Sunday River Productions
Length: 44 minutes
Time Period: 1980 1985
Locations: Huntington to Hinton, New River Gorge
Source: David Corbitt
Chesapeake and Ohio ran some awesome steam power. The 614 is the single locomotive that is the star of this show. This engine is operating under actual working conditions. Coal is the commodity being hauled. Loads out and empty hoppers on the return. Six days a week. Action is in the winter. That is just the first part, of this two part program.
The big 4-8-2 is called a Greenbriar on the C&O. The same wheel arrangement is called a Northern commonly. The C&O wanted a designation with local meaning. In the evolution of Chessie steam, this was from the final group. Lima was the builder in 1948. The 614 was therefore, a modern steam engine.
Full color footage is accompanied by natural sound. The narrative is by Alva Morrison. Original production date is 1985. The show was updated for DVD 2010. A chapter menu is present. Editing is smooth. The audio has a microphone hum, when the narrative is present. Train sounds are excellent, and do not have the hum. Part 1 has very minimal narration. Part 2 has more. Alva does have his usual informative narration. Viewers may wish for additional info overall.
The cinematography is solid. Framing is thought out and there are a multitude of classic images. Various weather conditions affect the endless supply of runbys. Winter weather was the reality for January, 1985. Some days the weather is dismal, but the train was a working entity. Action is constant. 614 really gets up plenty of steam throughout the show.
Ross Roland owned the 614. This T version of 614 was for testing.
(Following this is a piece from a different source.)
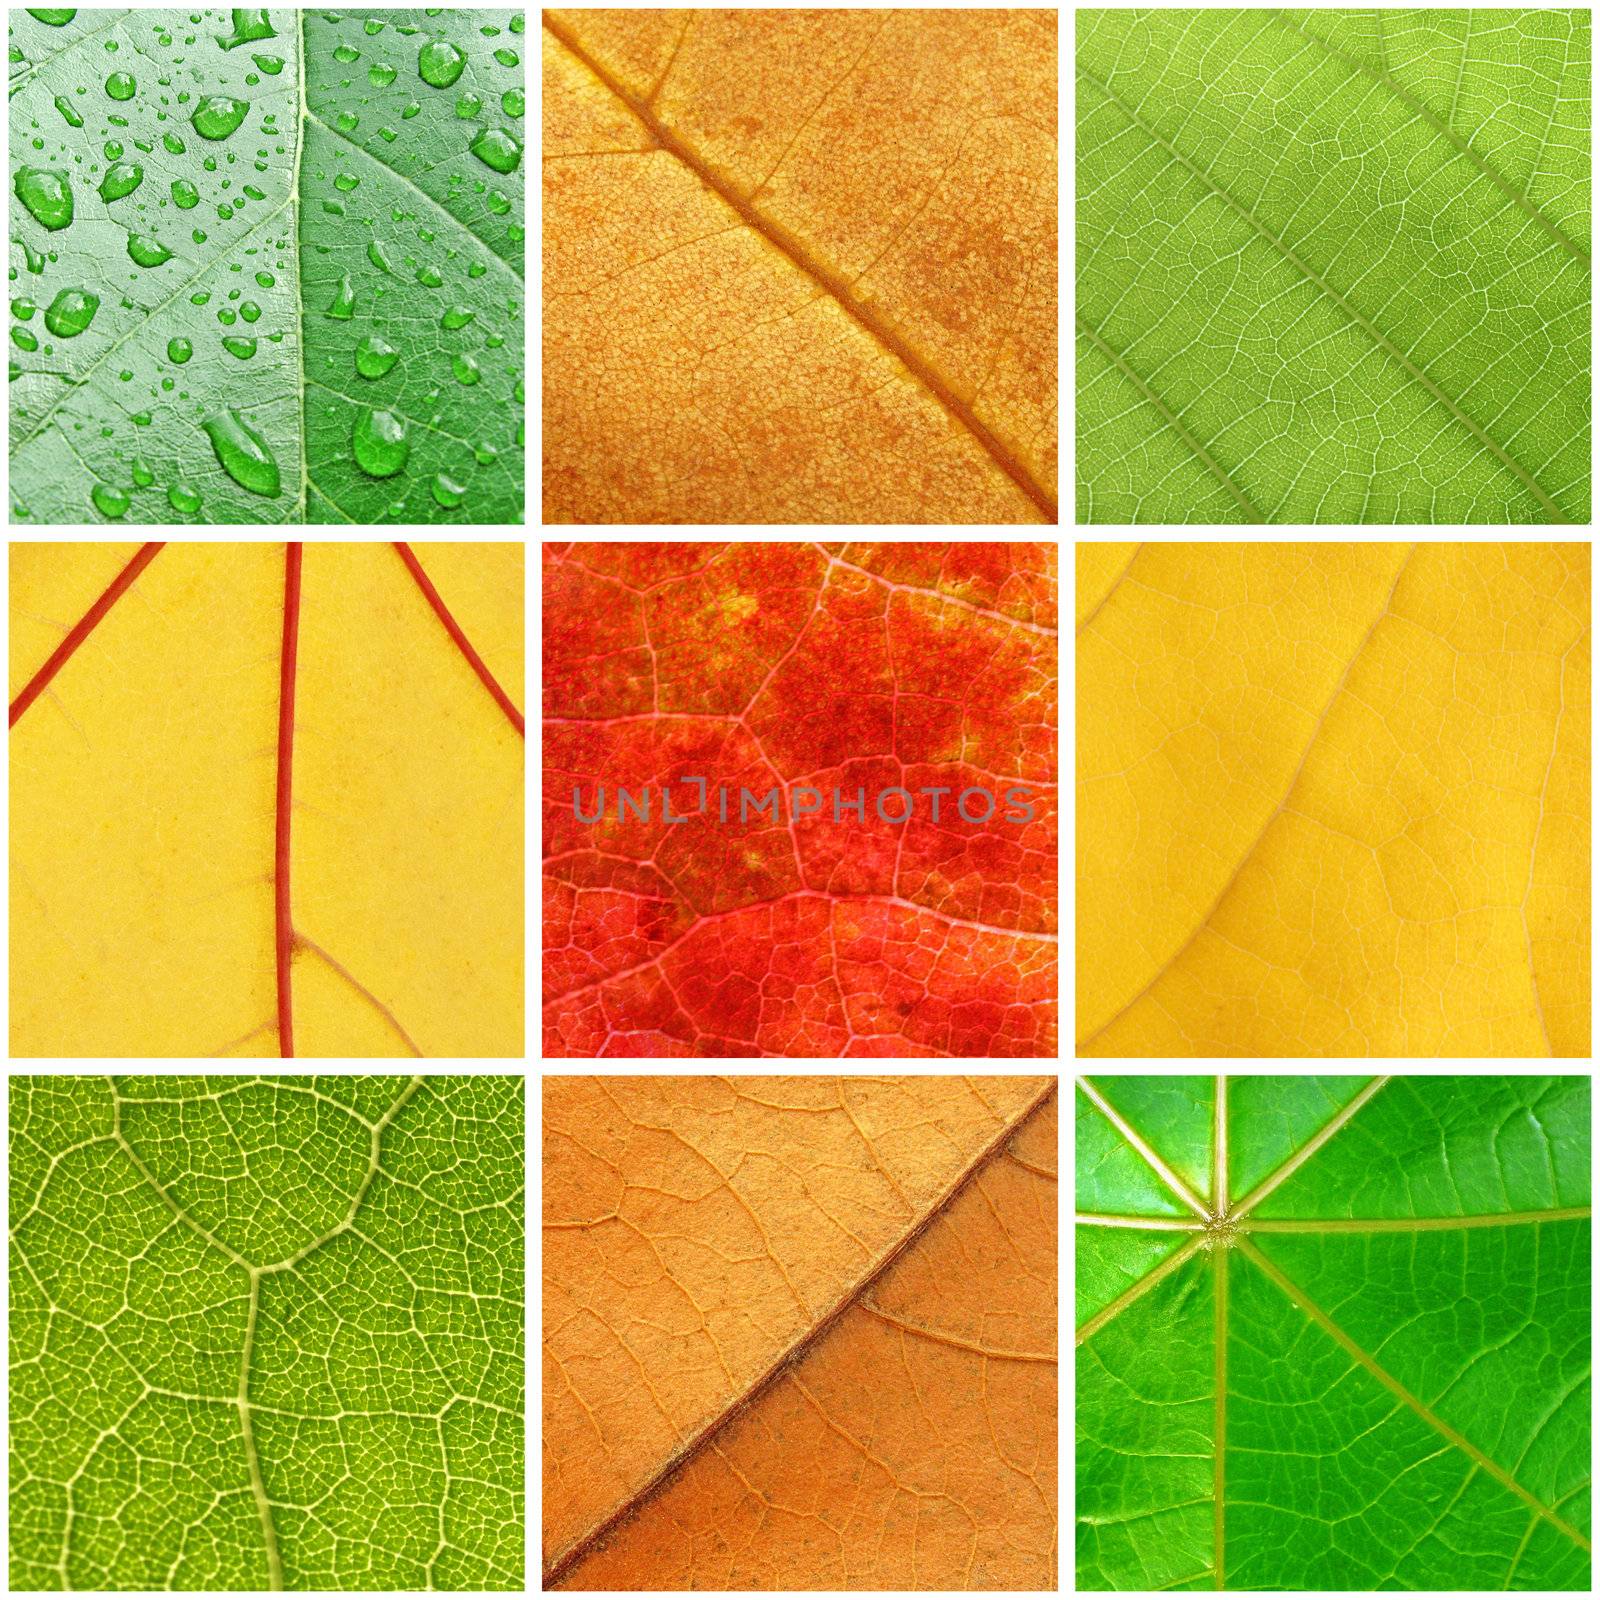 leaf textures by romantiche

Specialized equipment was used to determine multiple factors in the cost of burning coal in 1985. Could updated steam regain it’s crown as preferred power on the mainlines?
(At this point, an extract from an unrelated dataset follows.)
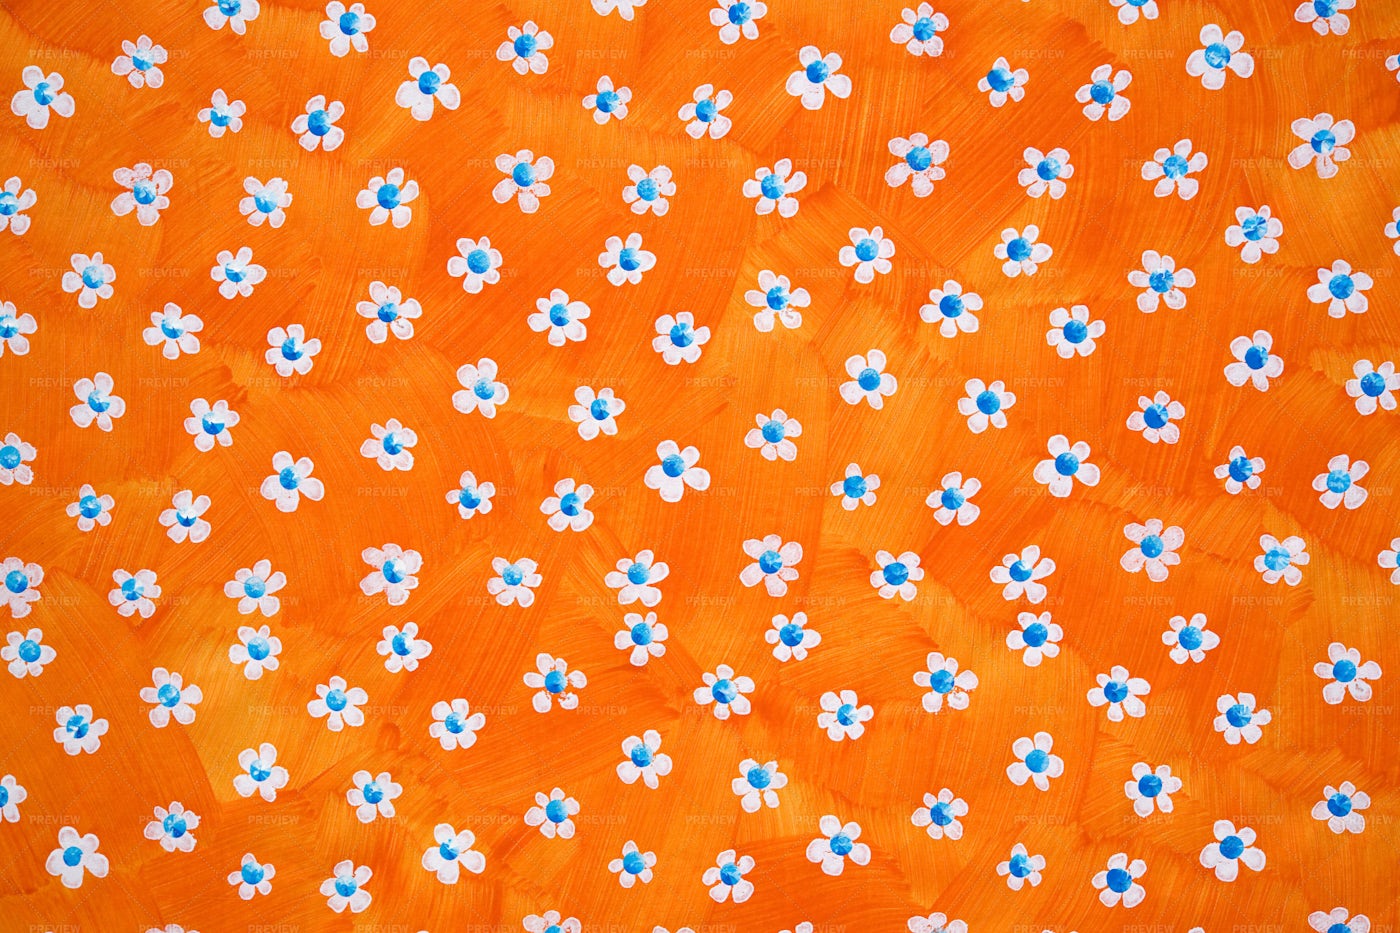 Orange Background With Daisies: Stock Photos

Part 2 is centered around Chessie passenger train operations behind 614. The year is 1980. This chapter, film is showing it’s age. Clean appearance, though original condition. Sunshine at last.
614: Thunder in the Alleghenies does contain a plethora of good cinematography. The dreary winter weather in the main part of the show is a concern. However, this is on C&O. Apparently, bad roads and easier access to neighbor B&O, are some reasons the railroad was infrequently filmed with steam in the 1950’s.
C&O vintage steam is very rare. Sunday River does offer some classic C&O steam, as on Articulateds in Appalachia.